When we are angry we think our anger is the only way to handle the situation. But that is not true. There’s always another way to handle the situation. For example, if a friend says something that hurts you, you are angry with him. But there is another handle. That handle may be a thought like “He has been a good friend for so long. What he did hurts. But, if I am honest, I can see that I have hurt others too.” This handle will diffuse your anger.

14. Recognize that life is short.

Both you and the person you are angry with will be dead soon enough. See things in perspective. Do you want to waste your life being angry even for a minute?

15. Avoid people and situations that arouse your anger.

This is not a true solution to anger. However, until you become strong enough to avoid anger, avoid people and situations that quickly provoke anger in you. But eventually, the true solution to anger is to avoid anger under all conditions, not just avoid people and situations that provoke anger in you.

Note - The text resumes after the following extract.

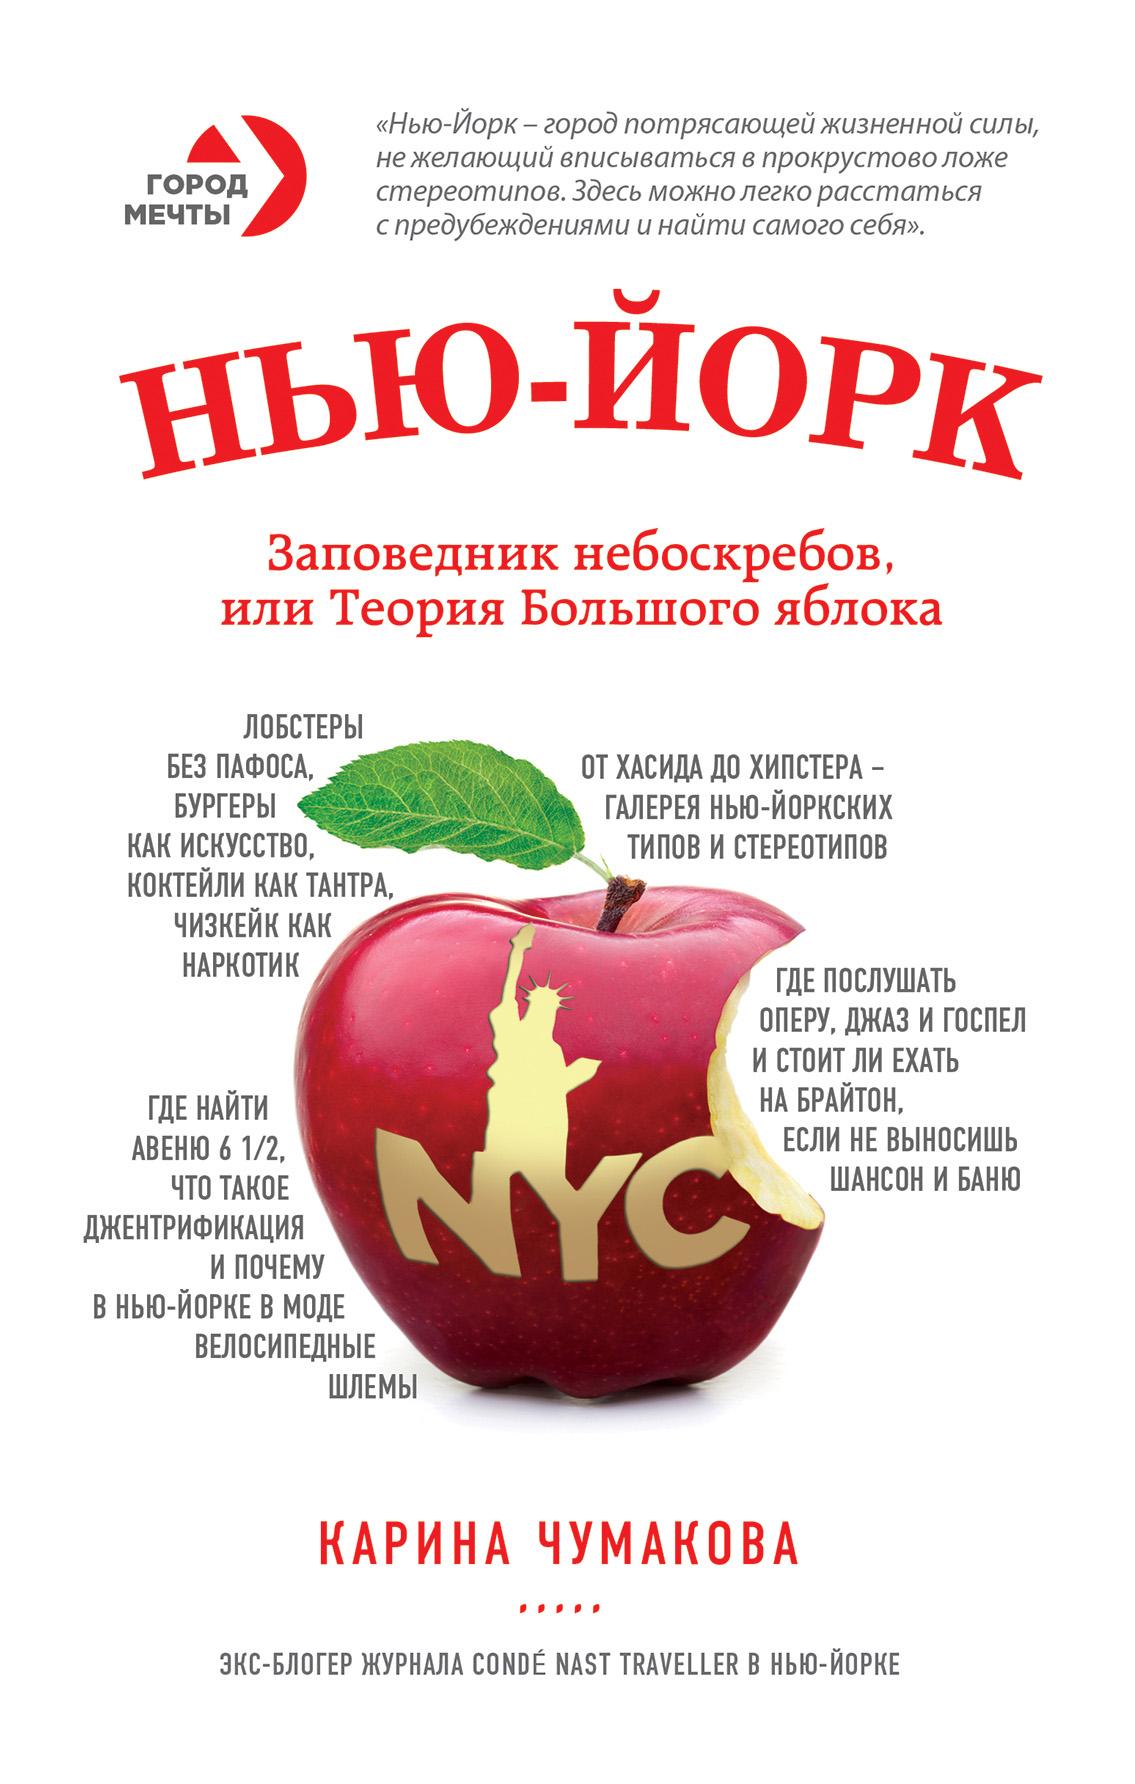 Нью-Йорк. Заповедник небоскребов, или Теория Большого яблока
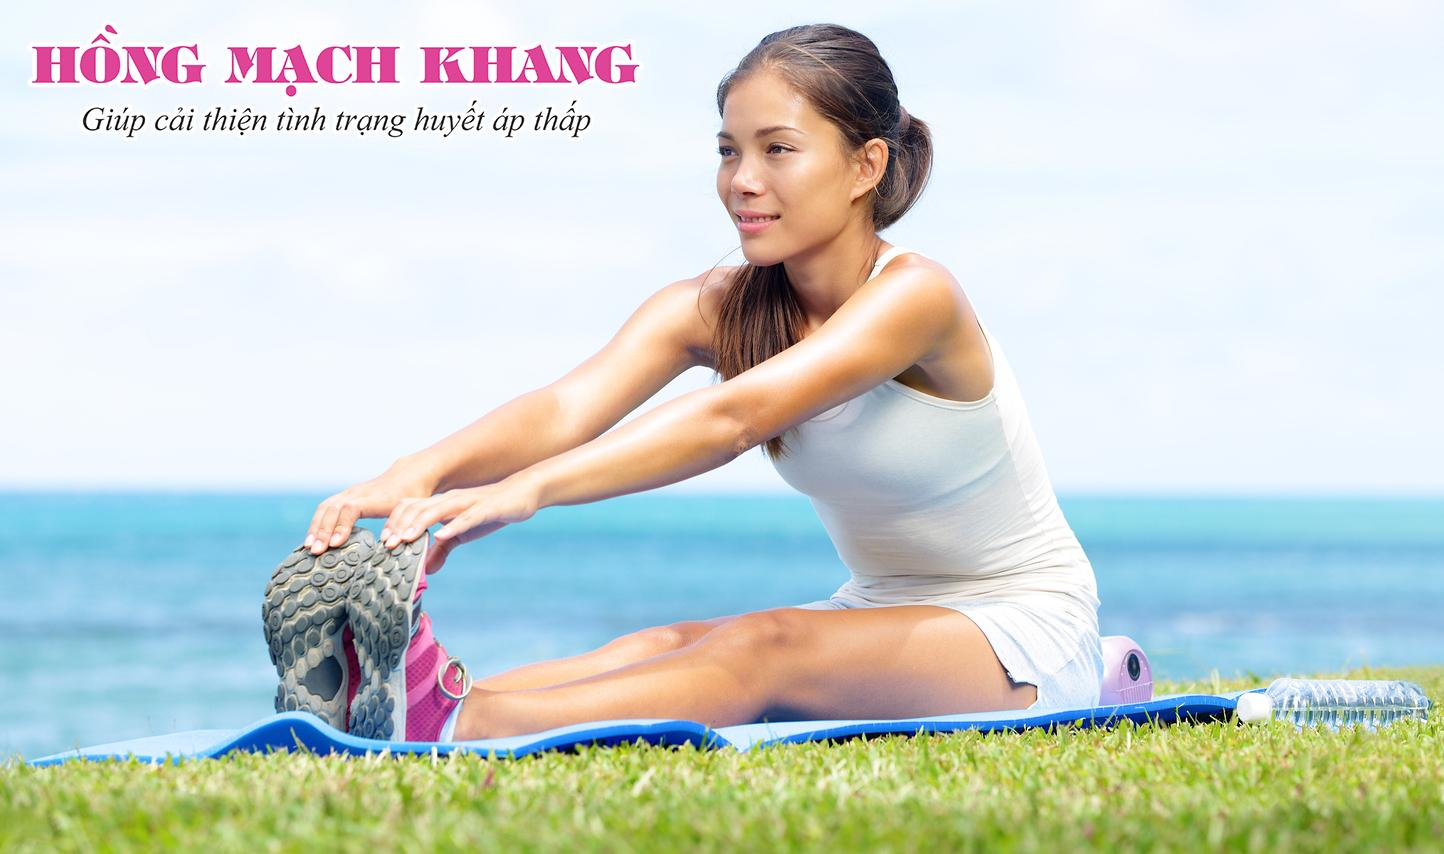 Tập thể dục đúng cách giúp cải thiện triệu chứng huyết áp thấp hiệu quả

16. Develop a contrary habit.

Anger can become a habit. Once you are angry it gets easier to get angry the next time. How do you get out of the habit of anger (or avoid it becoming a habit)? Epictetus has some good advice here: Develop a contrary habit. For example, laughter is a contrary habit because you cannot laugh and be angry at the same time. So, whenever you are angry, find something funny in the situation and smile about it. Or you can simply laugh at your own self-importance expressed as anger.